The answer to question 139 of the Westminster Larger Catechism ("What are the sins forbidden in the seventh commandment?") tells us that the "allowing, tolerating, keeping of stews, and resorting to them" is forbidden by this precept of the Decalogue. On this subject, the Westminster divines broke with Thomas Aquinas who thought that the toleration of brothels was a necessary evil (see our discussion in this thread). Bishop John Davenant's commentary on Colossians (one of the greatest ever commentaries on a single book of Holy Scripture) provides us with some background reading for understanding the rationale of the Westminster divines on the subject: John Davenant on the duty of suppressing brothels.

Reactions: Informative 1


----------



## Andrew P.C. (Jun 9, 2019)

Reformed Covenanter said:


> The answer to question 139 of the Westminster Larger Catechism ("What are the sins forbidden in the seventh commandment?") tells us that the "allowing, tolerating, keeping of stews, and resorting to them" is forbidden by this precept of the Decalogue. On this subject, the Westminster divines broke with Thomas Aquinas who thought that the toleration of brothels was a necessary evil (see our discussion in this thread). Bishop John Davenant's commentary on Colossians (one of the greatest ever commentaries on a single book of Holy Scripture) provides us with some background reading for understanding the rationale of the Westminster divines on the subject: John Davenant on the duty of suppressing brothels.



Not to be particularly over critical here, but what’s the connection between Davenant and the Westminster Divines? Did they interact with Davenant on this issue particularly?


----------



## Reformed Covenanter (Jun 9, 2019)

Andrew P.C. said:


> Not to be particularly over critical here, but what’s the connection between Davenant and the Westminster Divines? Did they interact with Davenant on this issue particularly?

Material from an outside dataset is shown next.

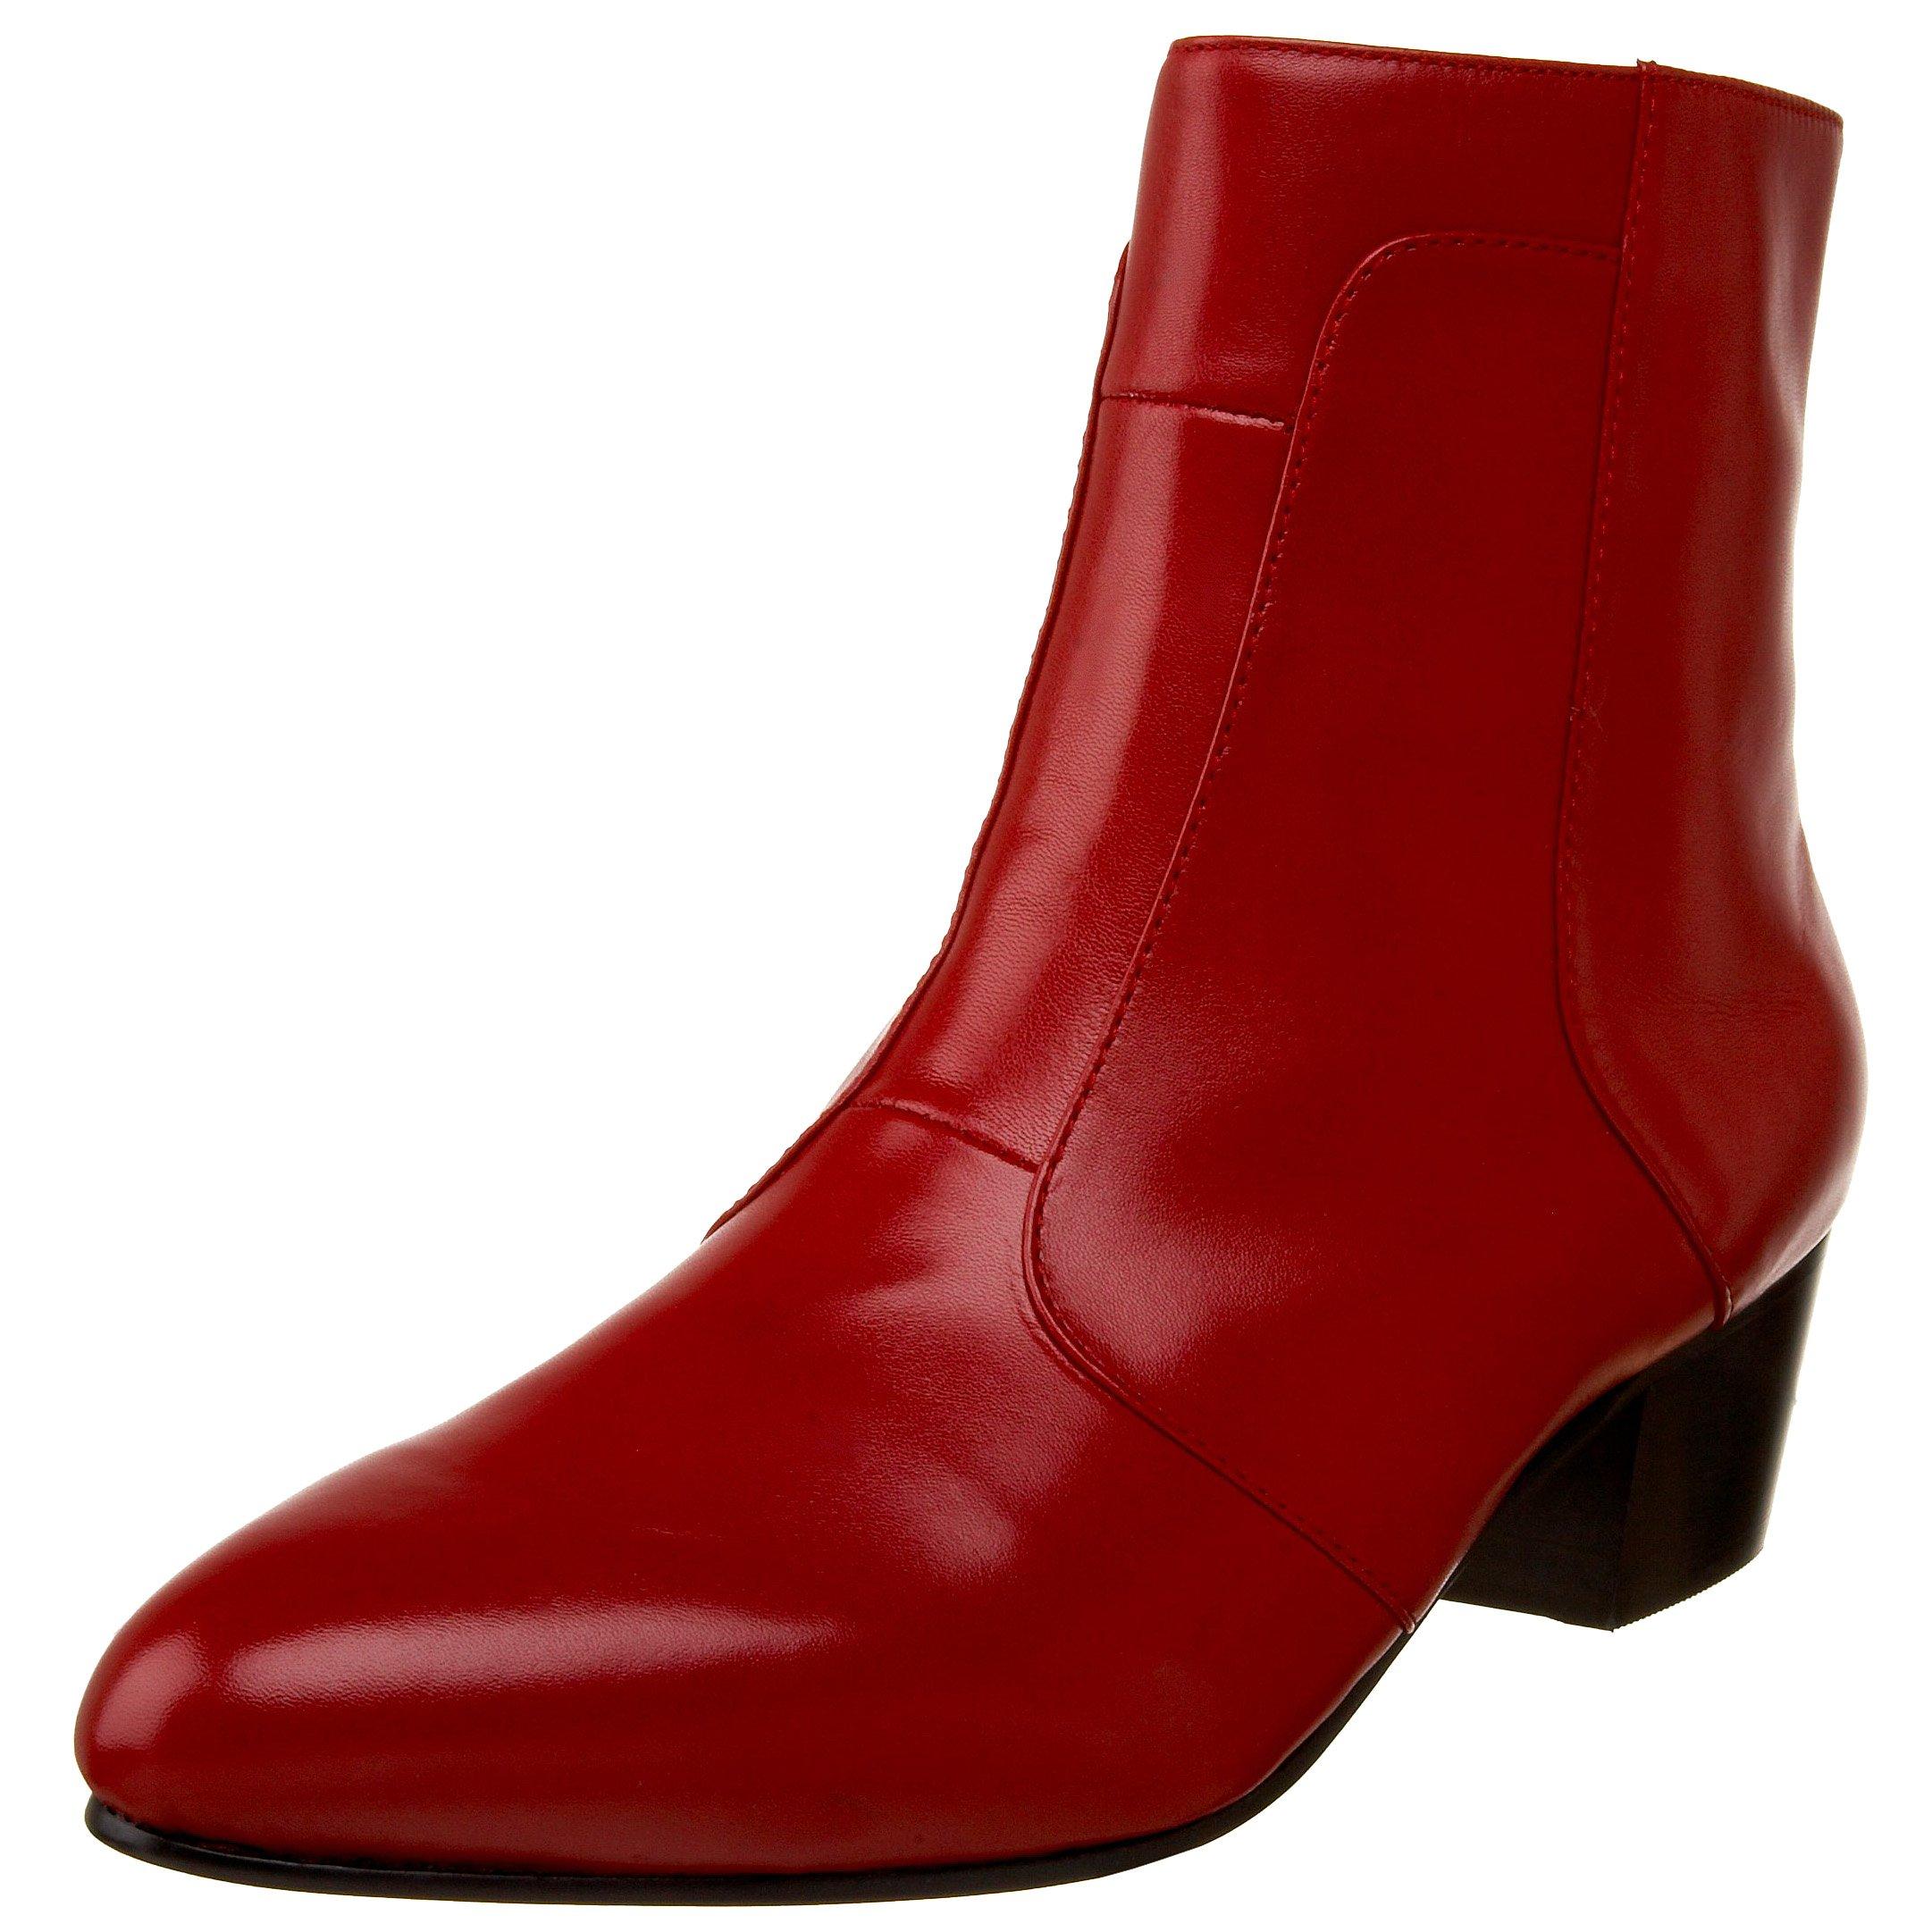 Giorgio Brutini Men's 805750 Boot,Red,10.5 M US
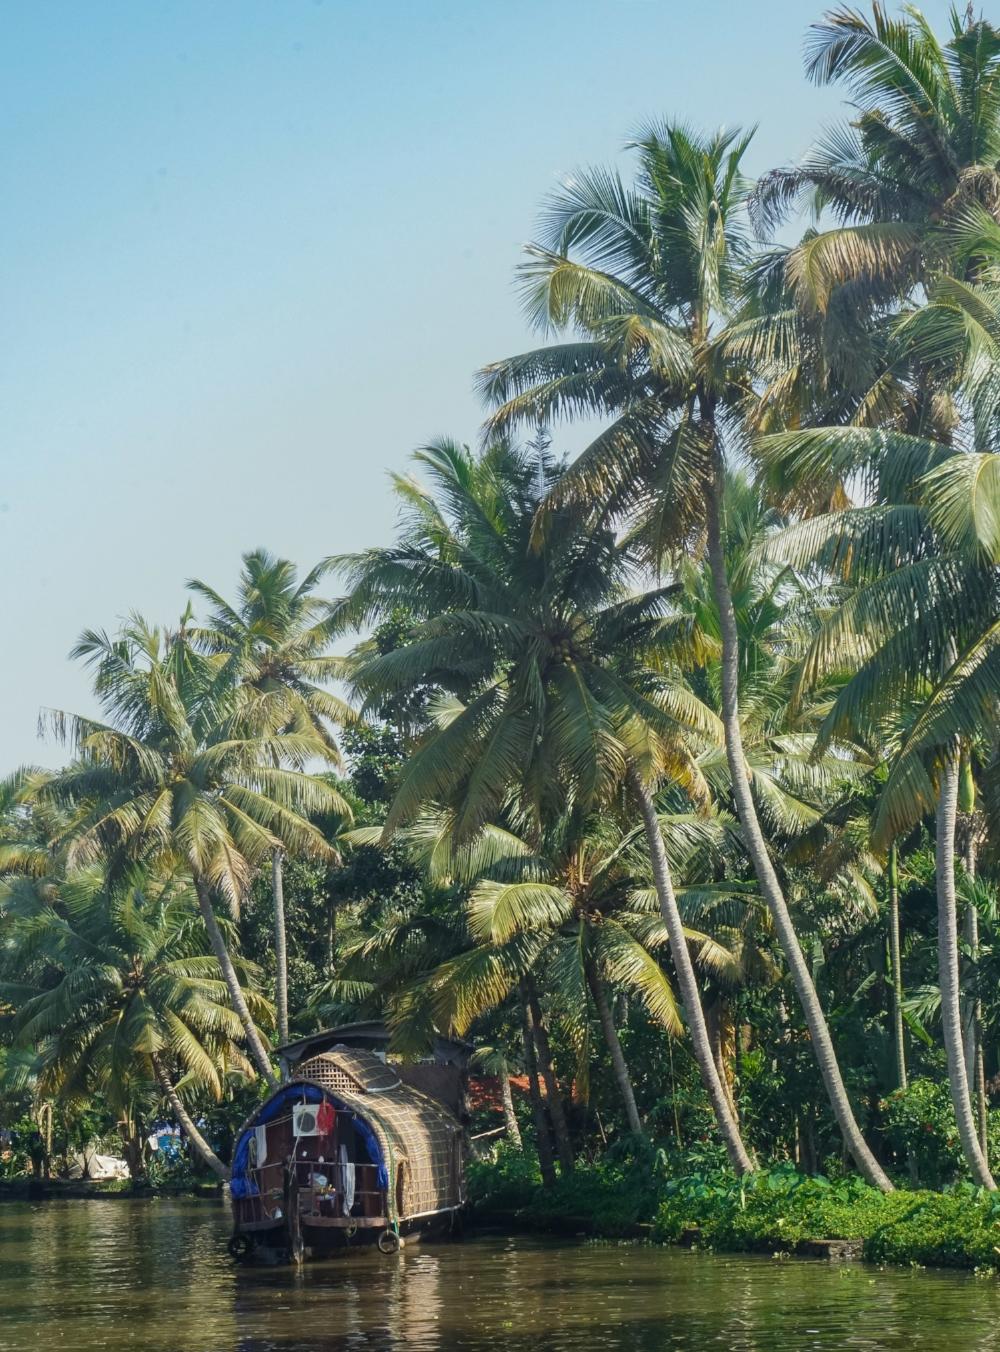 curio.trips.india.kerala.backwaters.houseboat-2.jpg

Well, being part of the English delegation to the Synod of Dort, John Davenant was very highly respected among the divines of the era. (Keep an eye out for how often Davenant is quoted with approval in subsequent writings.) I am quoting him to highlight how English Reformed thought considered the issue of the criminalisation of prostitution in its intellectual history. It is part of the nature of intellectual history that the historian has to engage in informed speculation as to what influenced people, making judgments on the basis of probability.


----------